Credits photo: Gage Skidmore (CC BY-SA 2.0)

With the Executive Order (E.O.) on “Enforcing the regulatory reform agenda”, issued on February 24, President Trump takes another step forward to carry out his review of the Federal regulatory system. As for E.O. 13771 on “Reducing Regulation and Controlling Regulatory Costs” of January 30, 2017, the final aim of this new E.O. is to reduce the burden of regulation, as clearly stated in Sec. 1.

In order to interpret the political context in which the E.O. is enacted, it is useful to remember that when signing the order Trump said that excessive regulation is killing jobs and that “Every regulation should have to pass a simple test: Does it make life better or safer for American workers or consumers? If the answer is no, we will be getting rid of it”. His view about the role of regulation has been further clarified during a speech at the Conservative Political Action Conference, when he said “I want all of the regulations that we need (…) But we don’t need 75 percent of the repetitive, horrible regulations that hurt companies, hurt jobs, make us noncompetitive overseas with other companies from other countries”.

In this context, E.O. on “Enforcing the regulatory reform agenda” introduces innovations mainly on the organization and governance of the regulatory policy.
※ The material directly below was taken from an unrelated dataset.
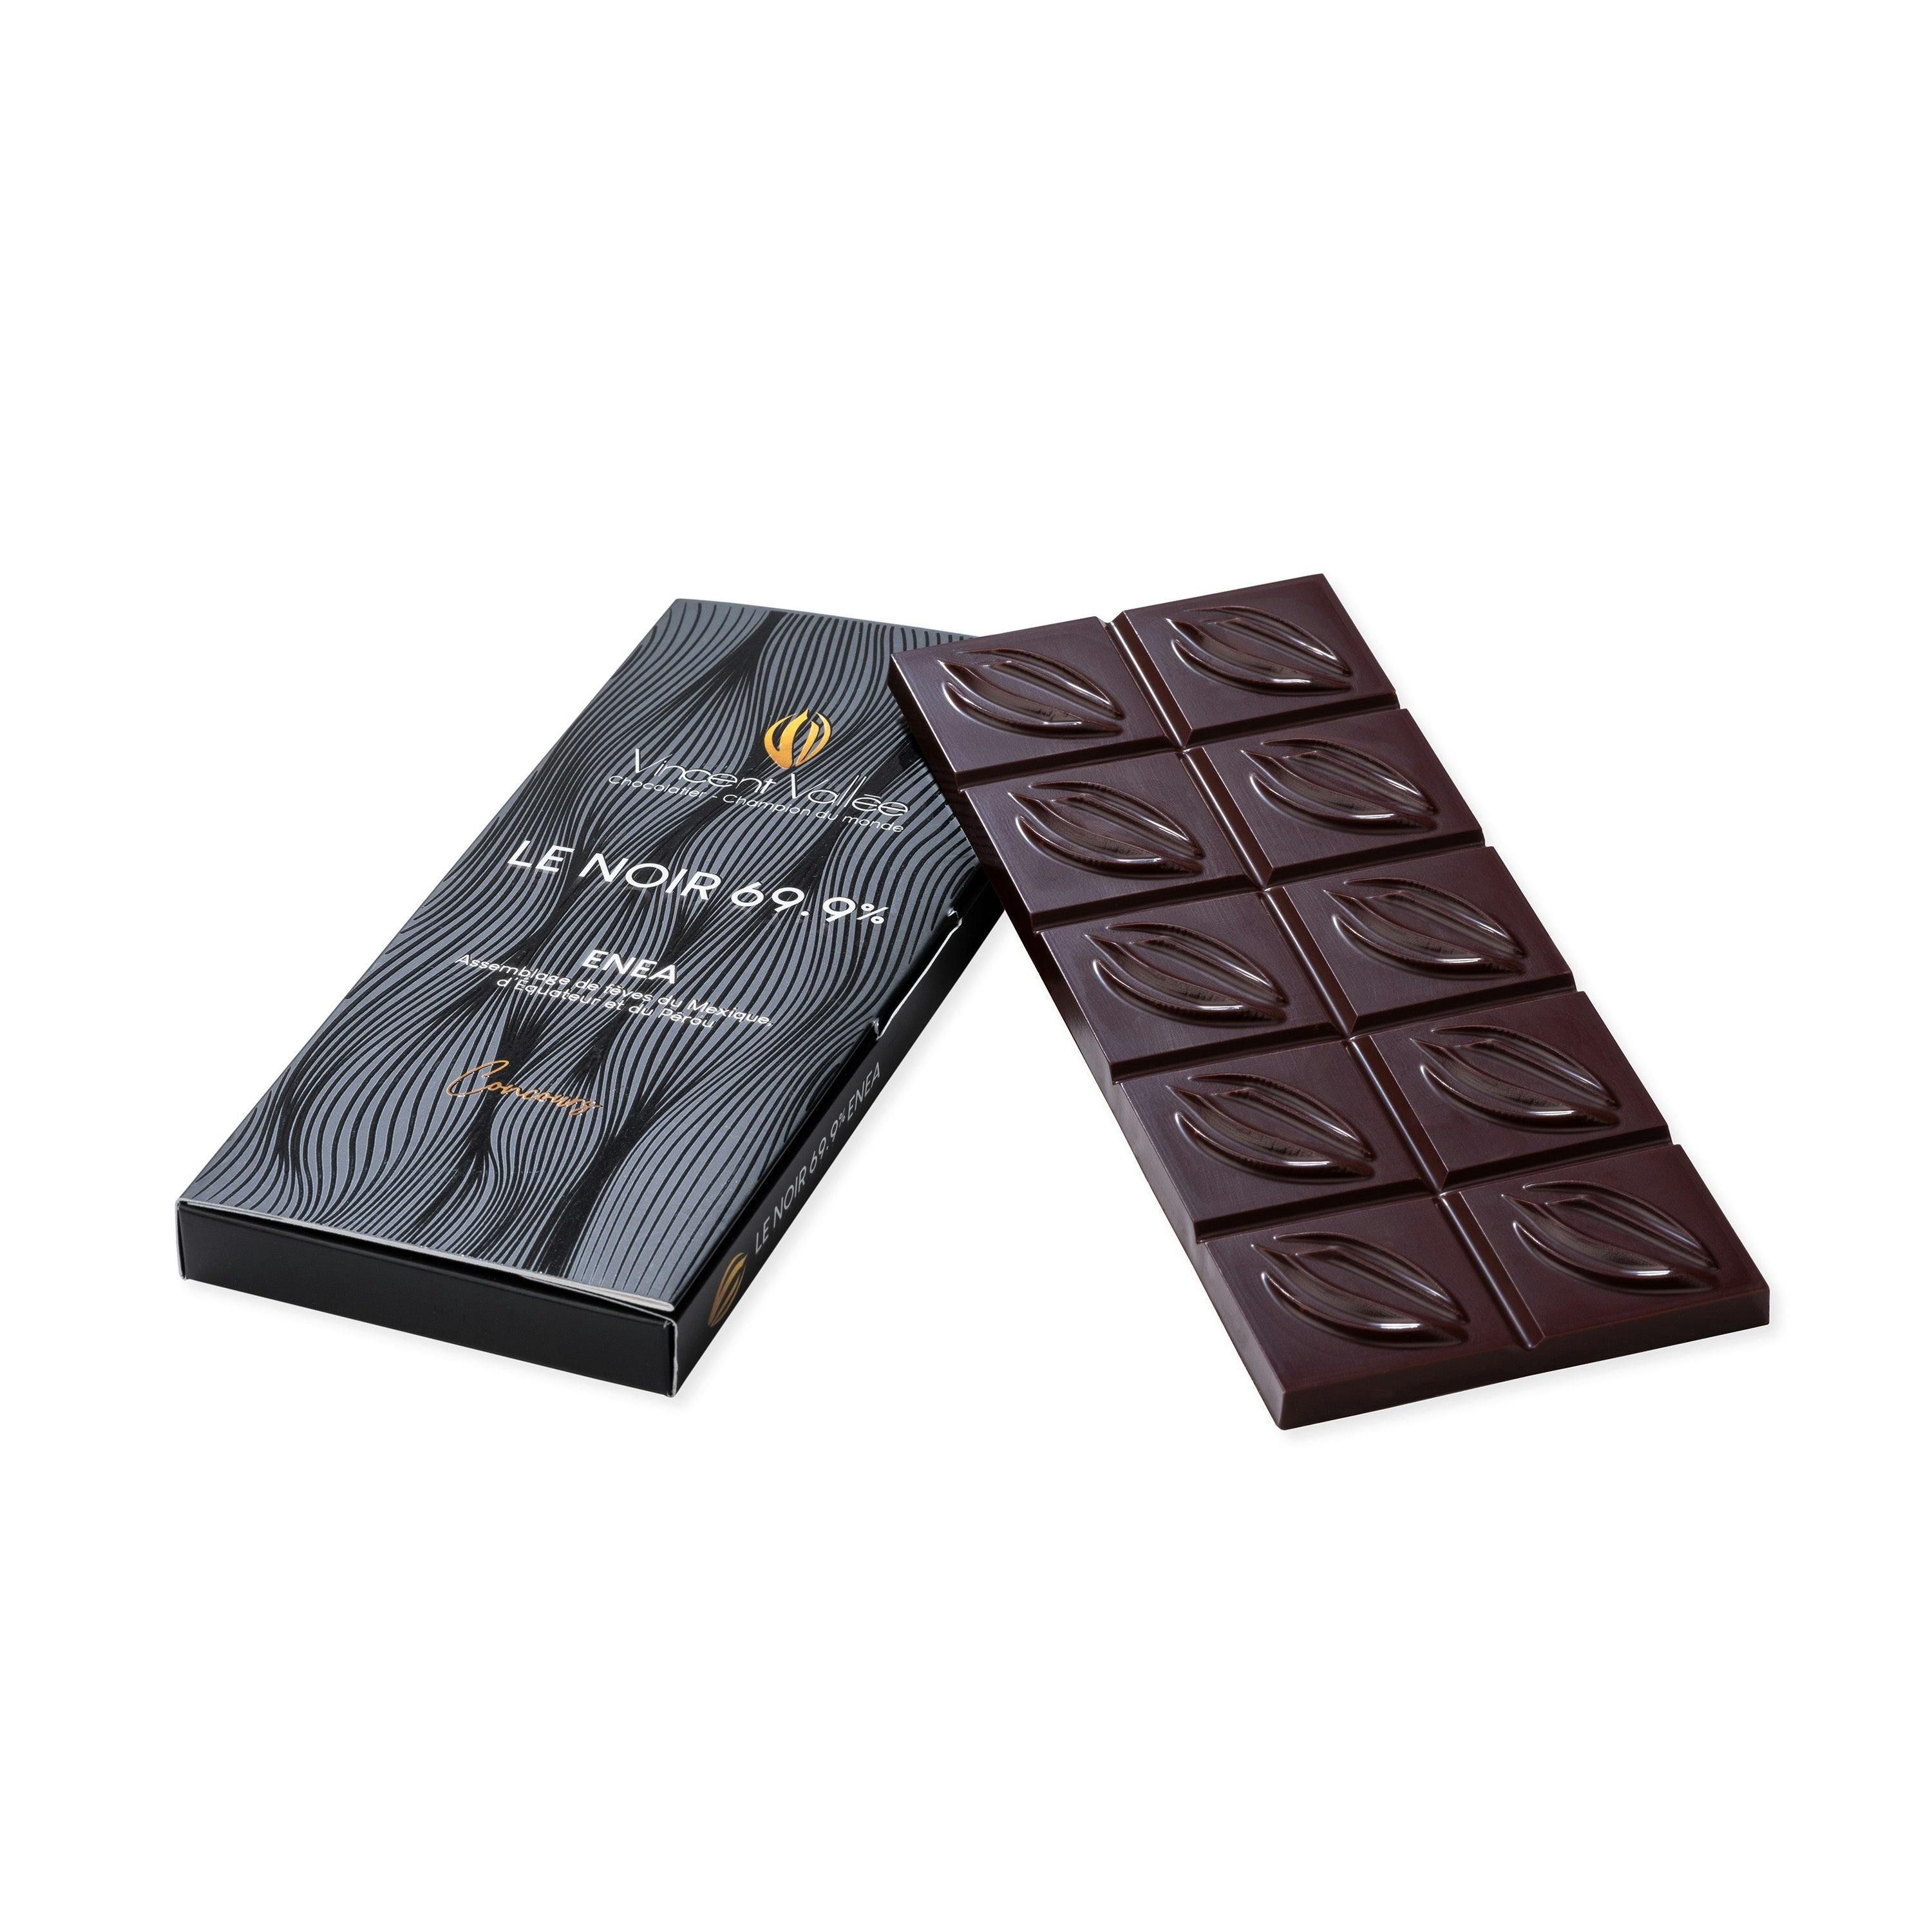 Enea 69.90% BIO CONCOURS - Vincent Vallée chocolatier champion du monde

First of all, the head of each agency shall designate an agency official as its Regulatory Reform Officer (RRO) in charge of overseeing the implementation of regulatory reform initiatives. The latter include not only E.O. 13771, but also E.O. 12866 on “Regulatory Planning and Review” (that represents the main pillar of the US impact assessment system, including cost-benefit analysis of regulatory proposals) and the retrospective review activities provided for by section 6 of Executive Order 13563 on “Improving Regulation and Regulatory Review”.
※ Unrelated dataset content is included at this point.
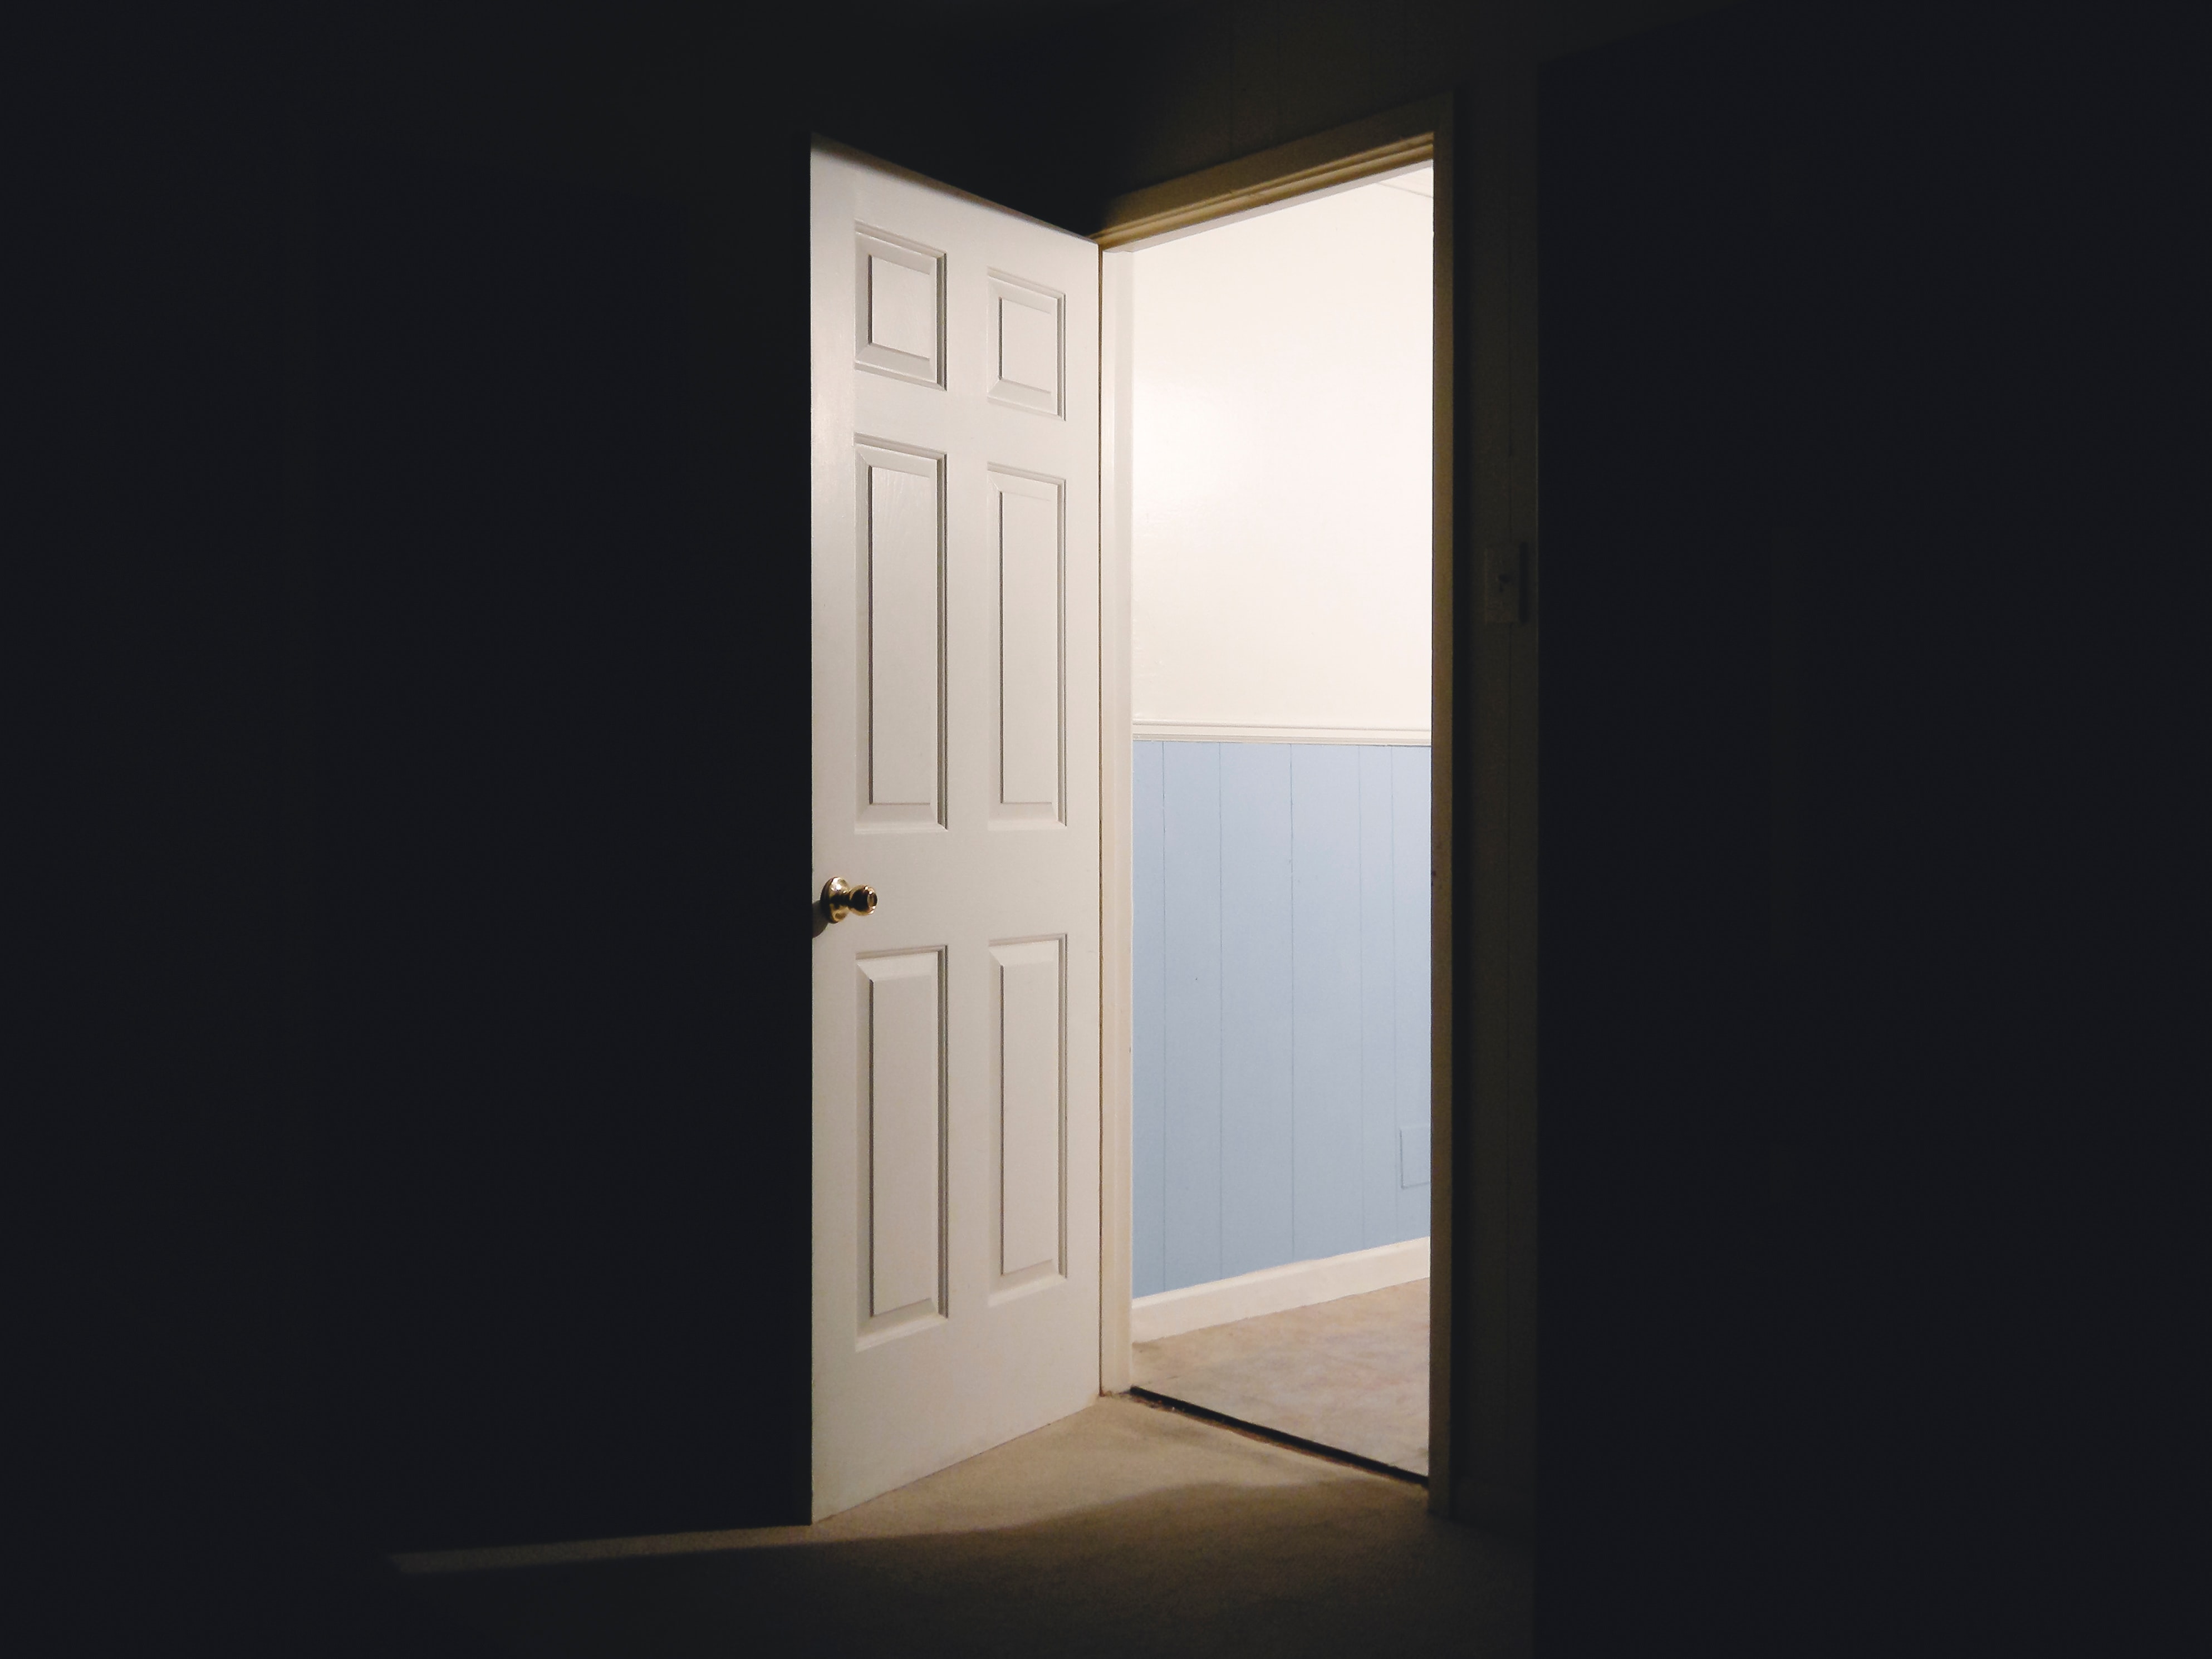 Open door into bright room

Secondly, Regulatory Reform Task Forces (RRTFs) – chaired by RROs – will be created in each agency. Among their members are also included the Regulatory Policy Officers (RPO) designated under section E.O. 12866, raising some doubts about the concrete compatibility and differences between RRO and RPO. RRTFs main task will be to evaluate existing regulations, identifying those rules that have negative effects on jobs and that are “outdated, unnecessary, or ineffective; impose costs that exceed benefits; create a serious inconsistency or otherwise interfere with regulatory reform initiatives and policies”. Task forces will also be devoted to identify regulations that “rely in whole or in part on data, information, or methods that are not publicly available or that are insufficiently transparent to meet the standard for reproducibility”, as well as that “derive from or implement Executive Orders or other Presidential directives that have been subsequently rescinded or substantially modified”, an instruction probably aimed at reducing the impact of E.O. issued by President Obama and modified or withdrawn by President Trump. In performing their tasks RRTFs shall seek input from stakeholders significantly affected by Federal regulations.

Considering RRTFs role and activities, it is clear that they will become a crucial tool for implementing EO 13771. In his first speech to Congress, President Trump illustrated how he interprets RRTS function, defining them “deregulation task force inside of every government agency”.

In order to ensure agencies accountability towards the main goals of the E.O., agencies are also required to incorporate in their annual performance plans indicators to measure progresses related to the implementation of regulatory reform policies; and the identification of regulations for repeal, replacement, or modification.

The battle against excessive regulation continues. And probably this is not the last executive order President Trump will issue on this theme.